Traffico in tilt al centro, i tifosi rivogliono la tradizione



Non si festeggiava una vittoria, né tantomeno una promozione: ieri sera Salerno ha festeggiato semplicemente la Salernitana. Caroselli di clacson hanno celebrato il 93° compleanno di “Sua maestà”, paralizzando letteralmente il traffico del centro cittadino.

La serata.  Dopo un primo corteo partito da via Trento e giunto sino in centro, i supporters salernitani si sono dati appuntamento alle 20 allo stadio Arechi.
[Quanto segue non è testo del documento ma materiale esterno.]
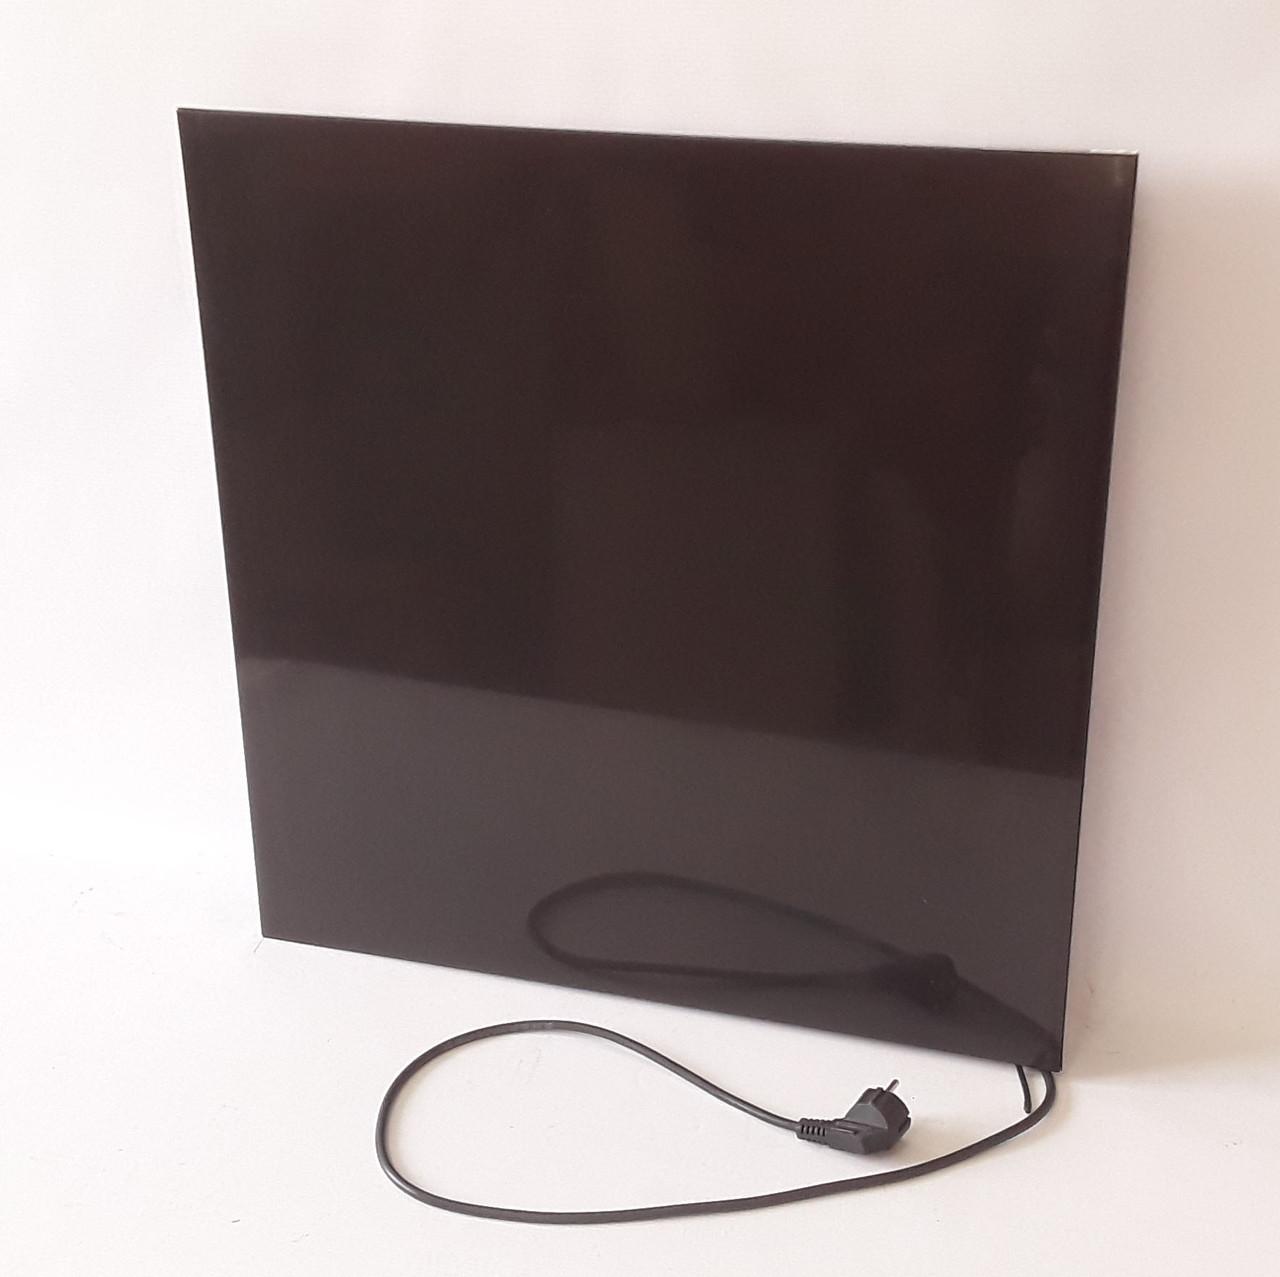 Керамический обогреватель с конвекционными решетками и терморегулятором Opal 375 Black

Da qui centinaia di auto e motorini sono partite a suon di clacson e hanno sfilato per le strade principali della città, inneggiando cori e sventolando bandiere, sciarpe e vessilli vari, tutto rigorosamente granata. Nei pressi della Provincia e di Piazza Santa Lucia, al ritmo assordante della musica sparata dai locali della movida, sono stati accessi fumogeni ed esplosi fuochi d’artificio. Intorno alle 21:30 il corteo è giunto dinanzi al Comune.

“Rivogliamo la Salernitana”: questo il coro più cantato dai tifosi, che lo hanno intonato anche sotto il palazzo di città, quasi a voler invitare anche il sindaco De Luca a muoversi affinché la Salernitana possa tornare al più presto. Erano circa le 22:30 quando la torcida granata ha cominciato a diradarsi ed il traffico ha ripreso a respirare.

Quella di ieri è stata sicuramente l’ennesima dimostrazione d’amore da parte di migliaia di tifosi nei confronti di quella che per molti rappresenta la sola e unica squadra di Salerno. Ma si è trattato soprattutto di una manifestazione ad alto valore simbolico, una marcia della speranza: quella di questa città di poter finalmente riabbracciare la propria squadra del cuore.

Proprio mentre si consumava la festa, l’avvocato Gentile, legale del Salerno Calcio -al momento unica società potenziale acquirente dei beni immateriali della Salernitana Calcio-, inoltrava all’avvocato Fauceglia (legale dell’Energy Power) la richiesta di consultazione degli allegati dell’offerta di vendita dei beni. Se ne saprà di più entro il 2 luglio -termine entro il quale far pervenire l’offerta d’acquisto-, intanto sembra giunto il momento che anche Lotito e Mezzaroma compiano passi importanti, per restituire alla città e ai suoi tifosi la propria storia sportiva.